**Data provided**:
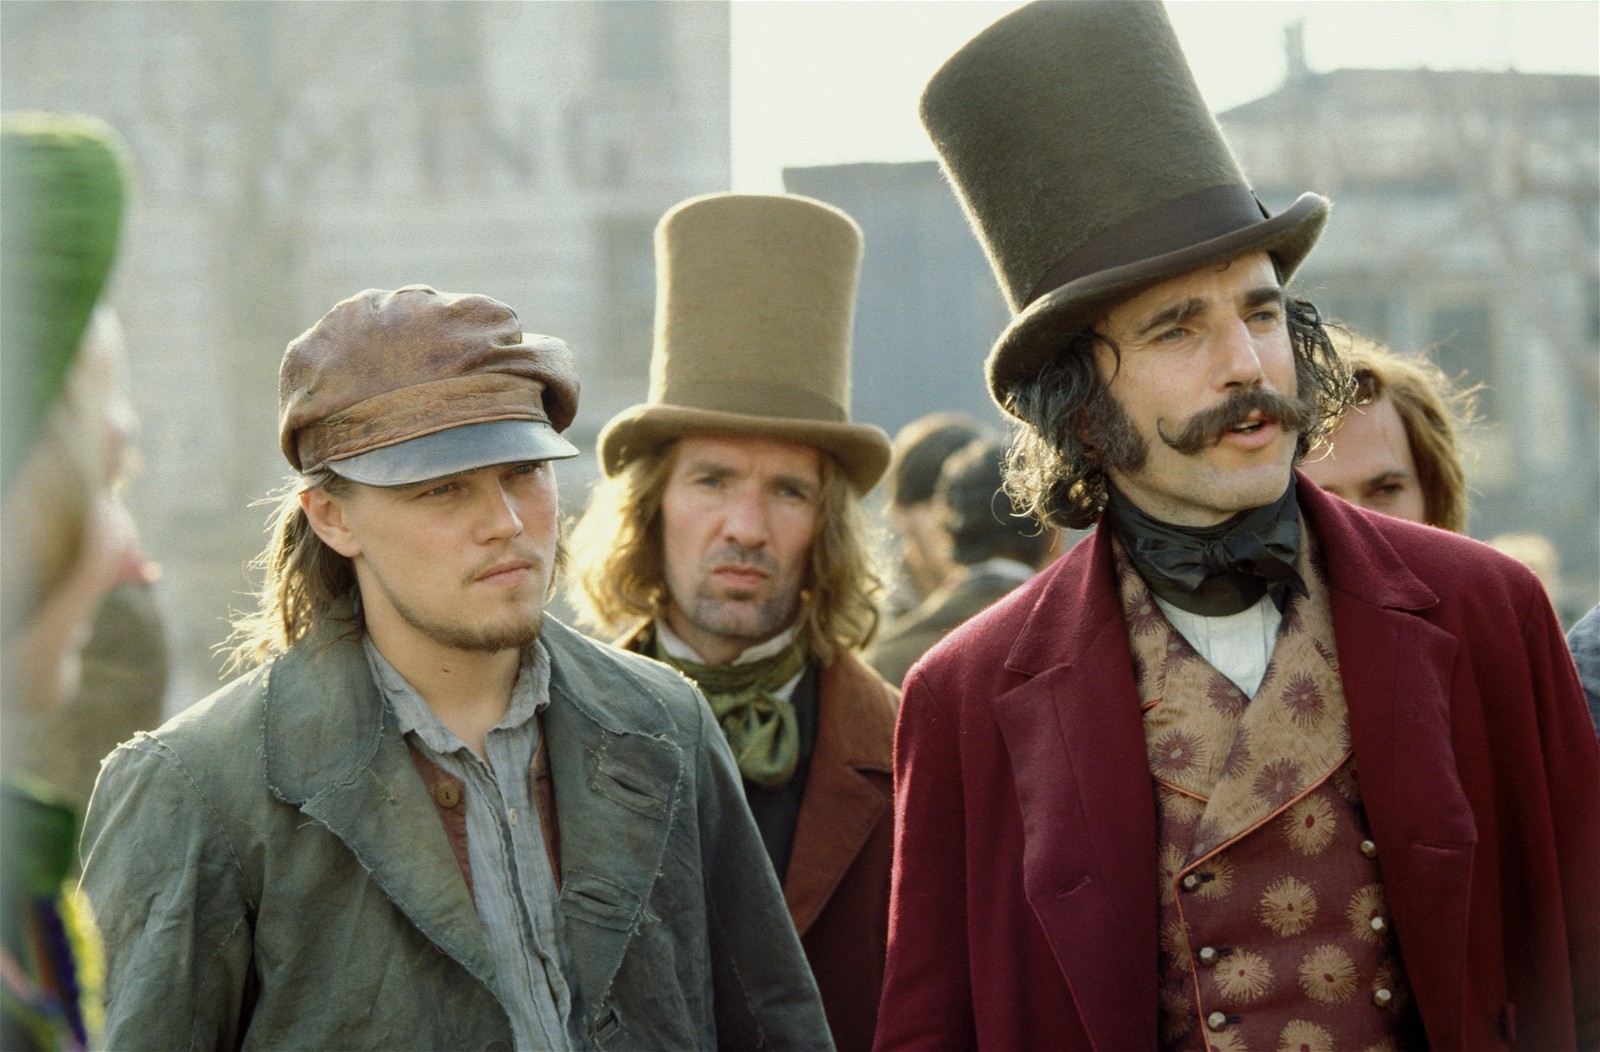 Daniel Day-Lewis worked with Martin Scorsese on two films including Gangs of New York
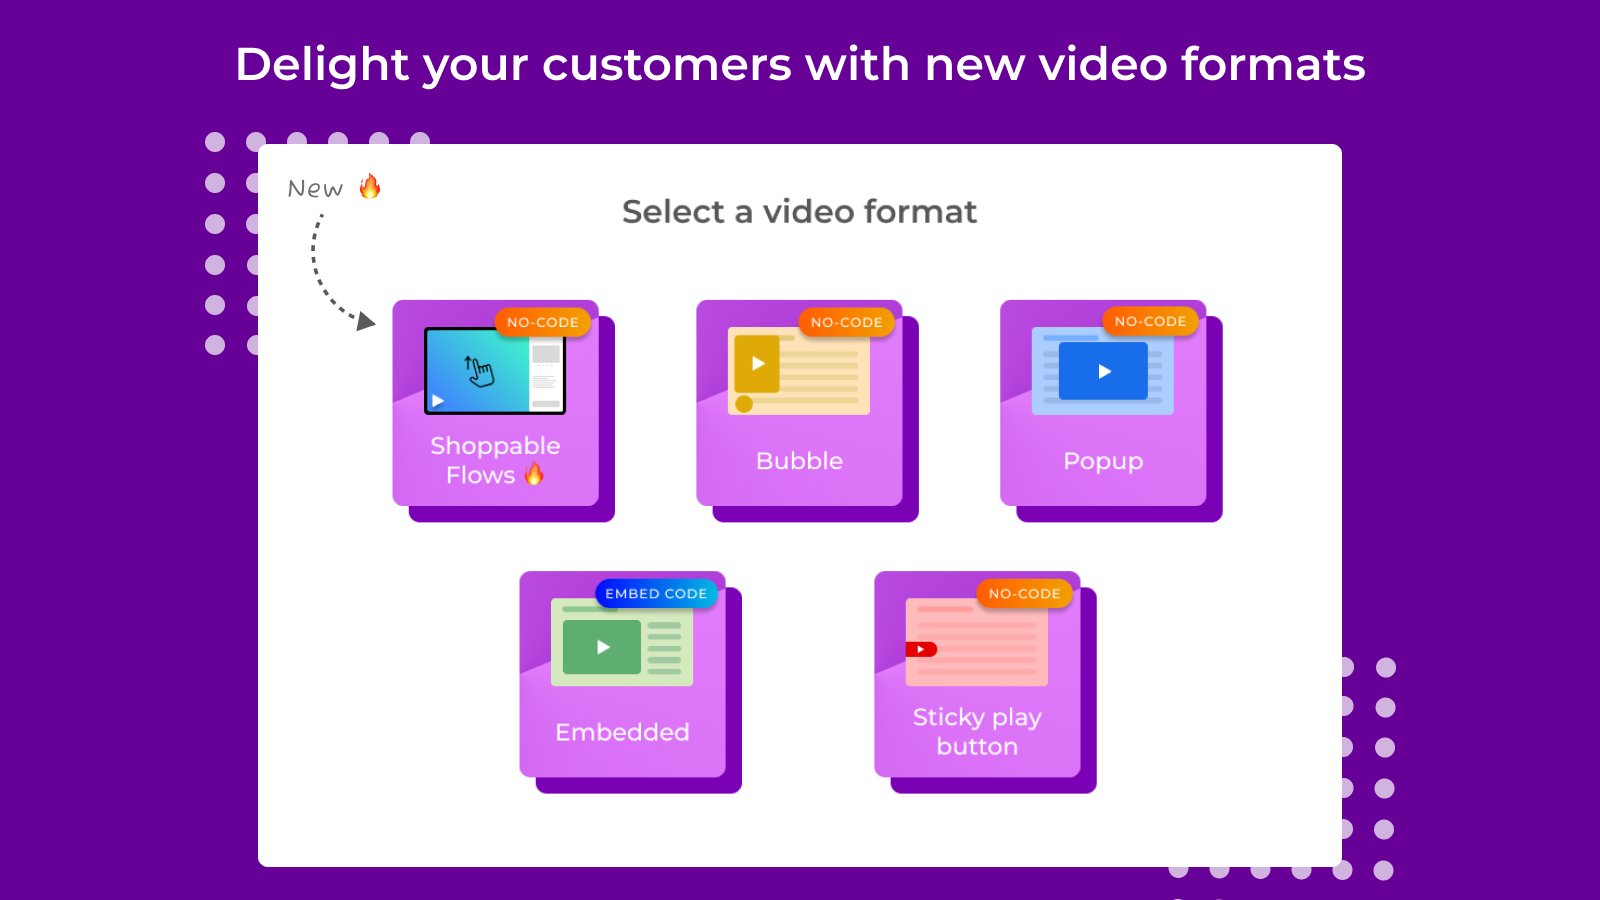 Select various video formats (floating, embedded, etc)
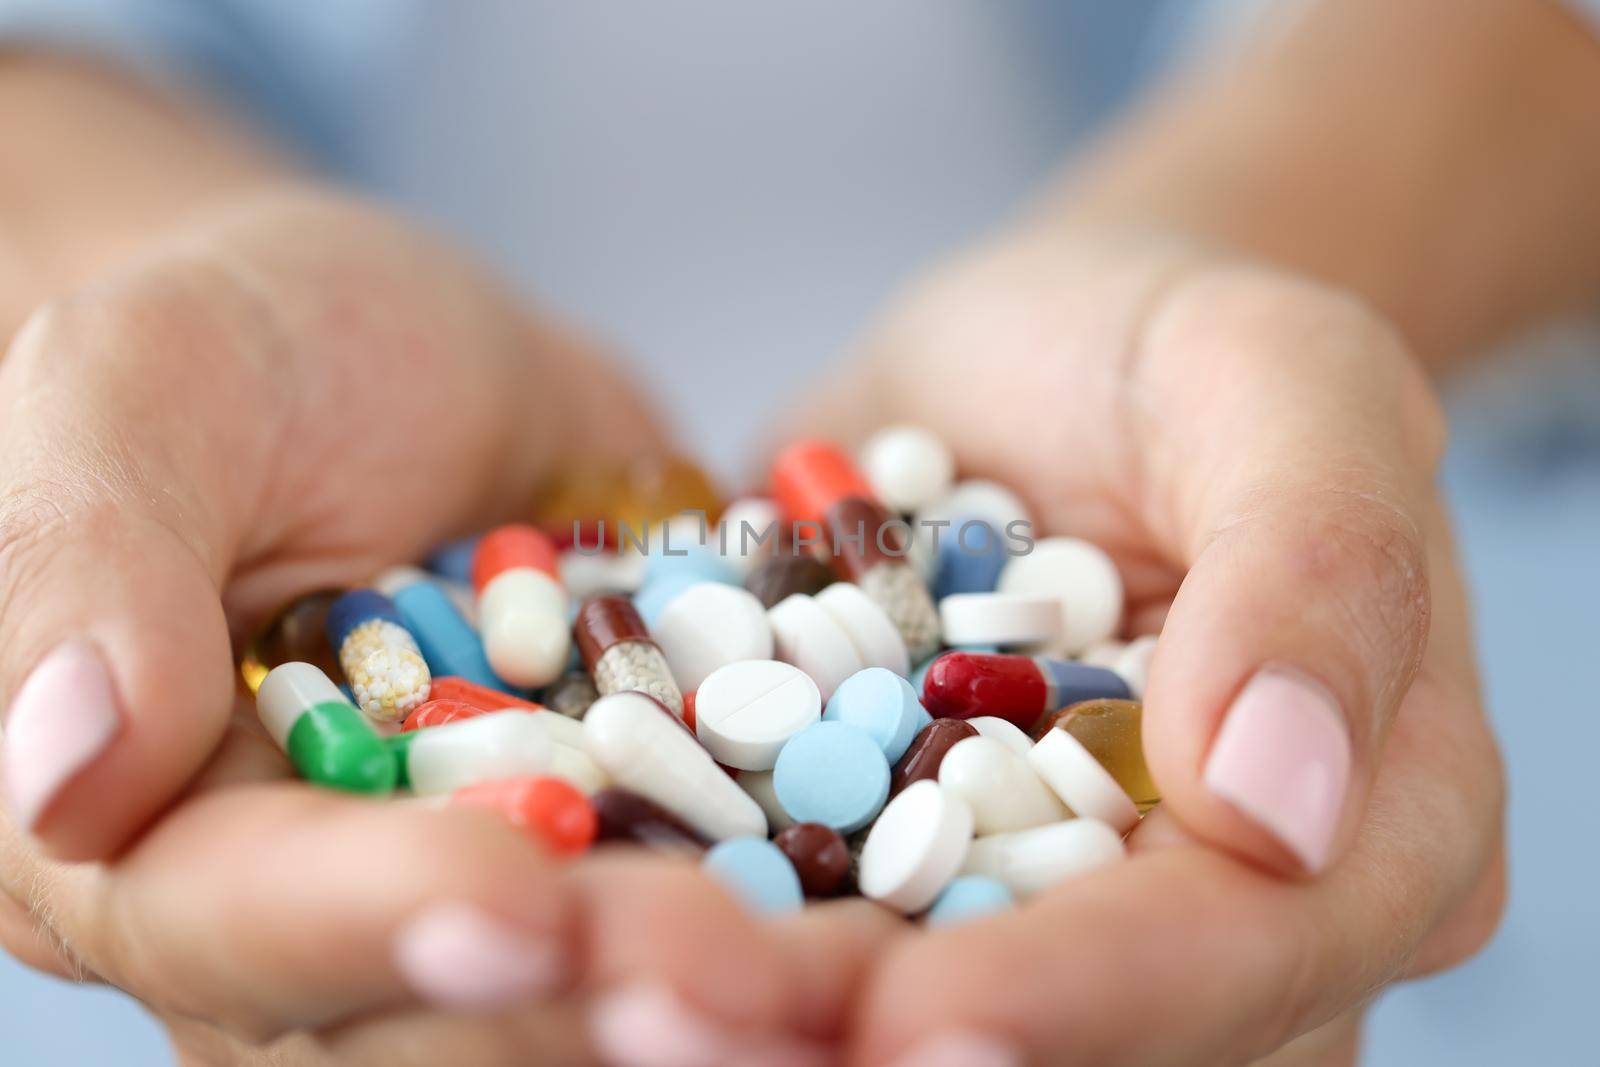 Colored pills and capsules in the palms, close-up. Food supplements, homeopathy. Treatment during a pandemic

**What you will do**:
Copy out the whole listing exactly, and don't carry over any pictures.

**Result below**:
 Daniel Day-Lewis worked with Martin Scorsese on two films including Gangs of New York
 Select various video formats (floating, embedded, etc)
 Colored pills and capsules in the palms, close-up. Food supplements, homeopathy. Treatment during a pandemic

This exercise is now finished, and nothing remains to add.